As the great coach Tony D'Amato once said, life is this game of inches, and so is football.

*"In either game, life or football, the margin for error is so small. I mean, one half a step too late or too early and you don't quite make it. One half-second too slow, too fast, you don't quite catch it."

*So, as long as there is one game left in this 2011 NFL season, the moment that the inches did not add up for the Cowboys almost cannot be beleaguered enough. It's the third-and-five play late against in the Giants in Week 14, when Tony Romo just barely missed a streaking Miles Austin for what would've been a game-sealing touchdown.

Over on the NFL.com mother ship, there's a full breakdown with replays of what happened, or almost happened, and how it changed the course of the season. It's probably safe to say if Austin had caught the ball, the New York Giants would not be in the Super Bowl. A loss to the Cowboys would've put them down two games in the NFC East with three to play.

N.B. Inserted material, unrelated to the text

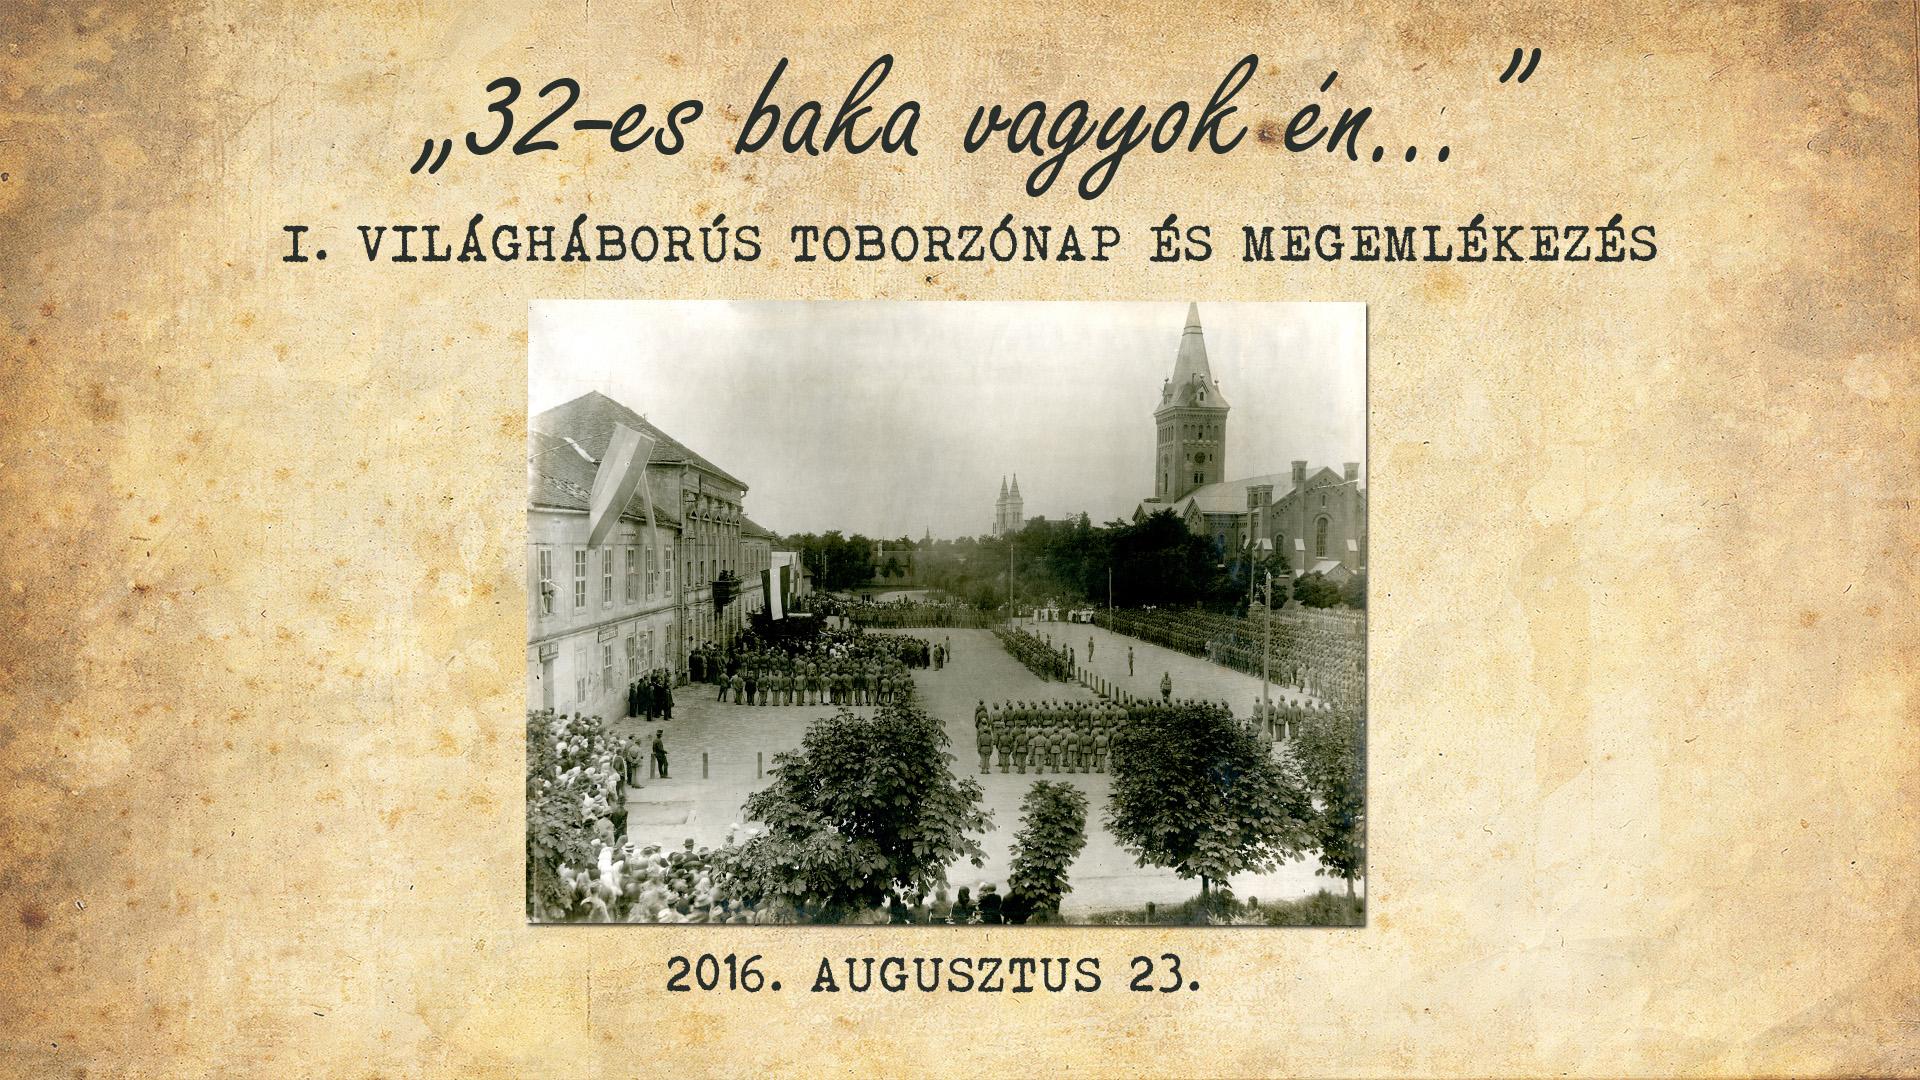 vilaghaboru_web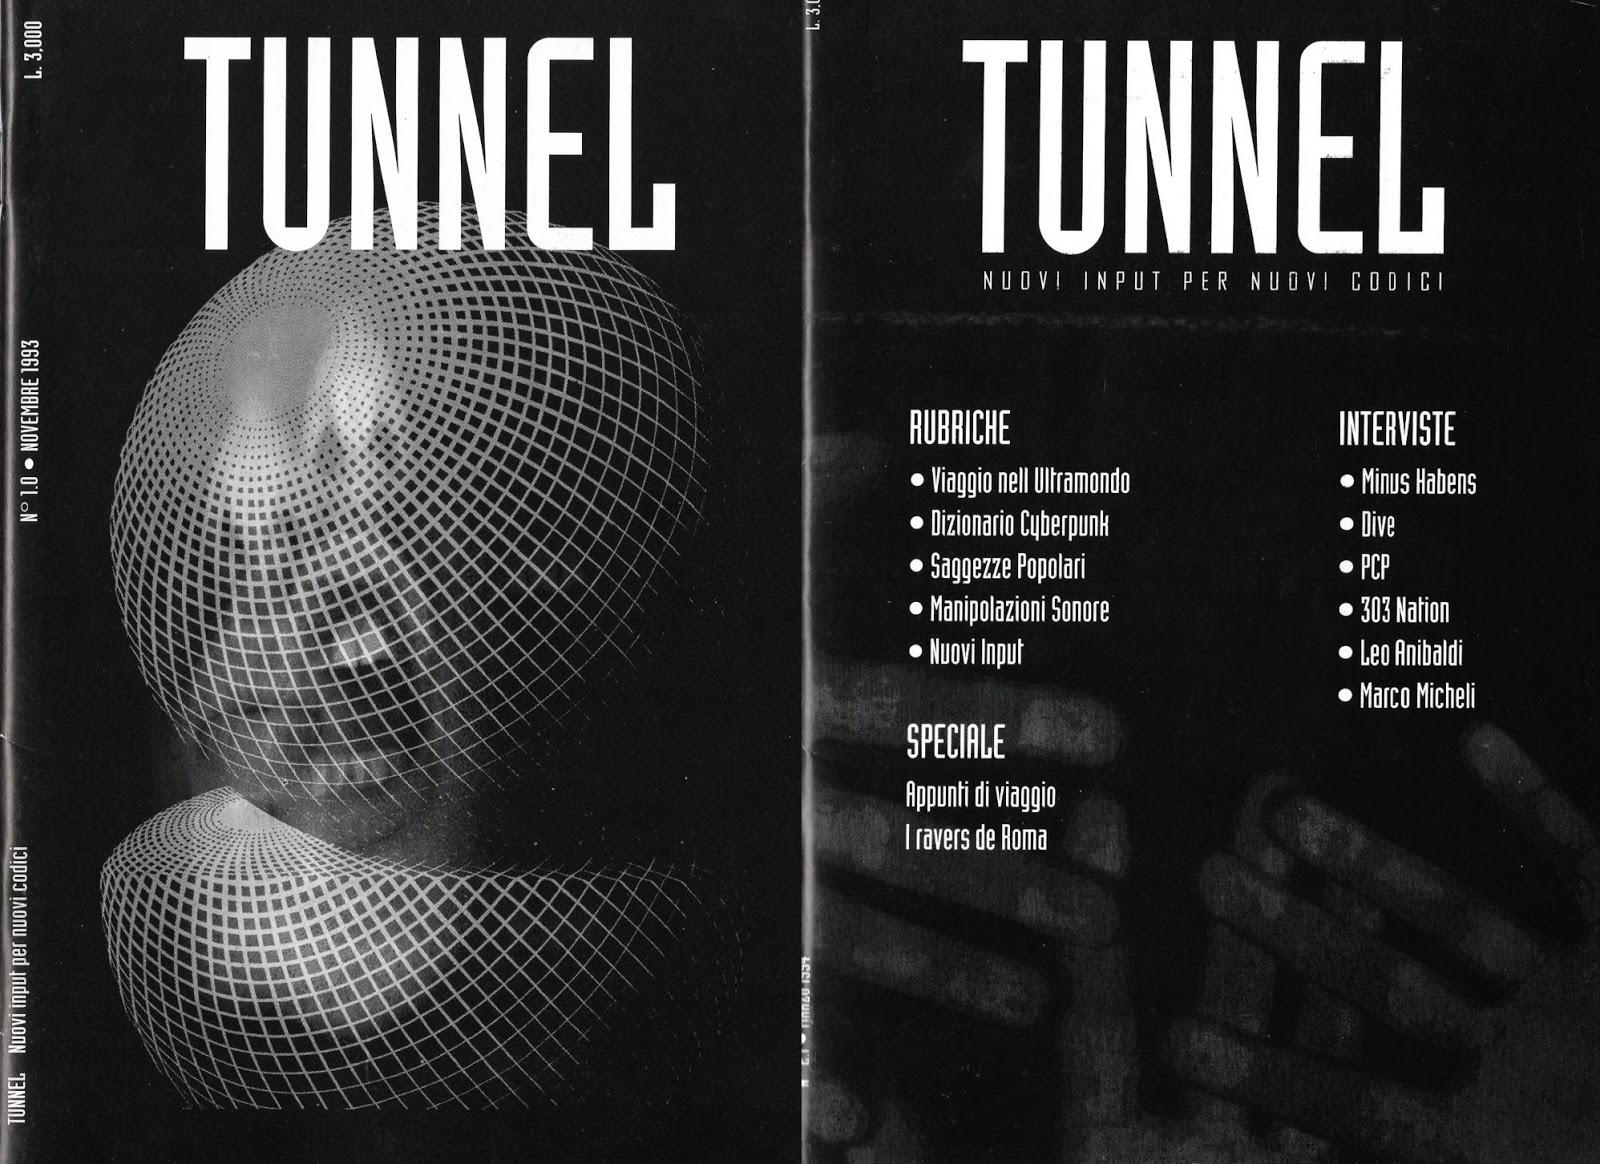 tunnel-1-2

A few ideas are floated as to just what threw off the play by those few inches, including Austin's claim that he lost the ball in the lights, which caused him to slow down.

Or was it just a simple over-throw by Romo?

Or, as Michael Irvin suggests, was it Austin's problem hamstring that kept him from making that much-needed final burst of speed?

Maybe it was fate. After all, the Cowboys had driven themselves into position to kick a game-tying field goal at the end, but it was blocked by Jason Pierre-Paul.

But, had Bailey's kick been just a few inches higher - or L.P. Ladoueur's been able to hold his ground just a few inches more . . .

"The inches we need are everywhere around us. They're in every break of the game, every minute, every second."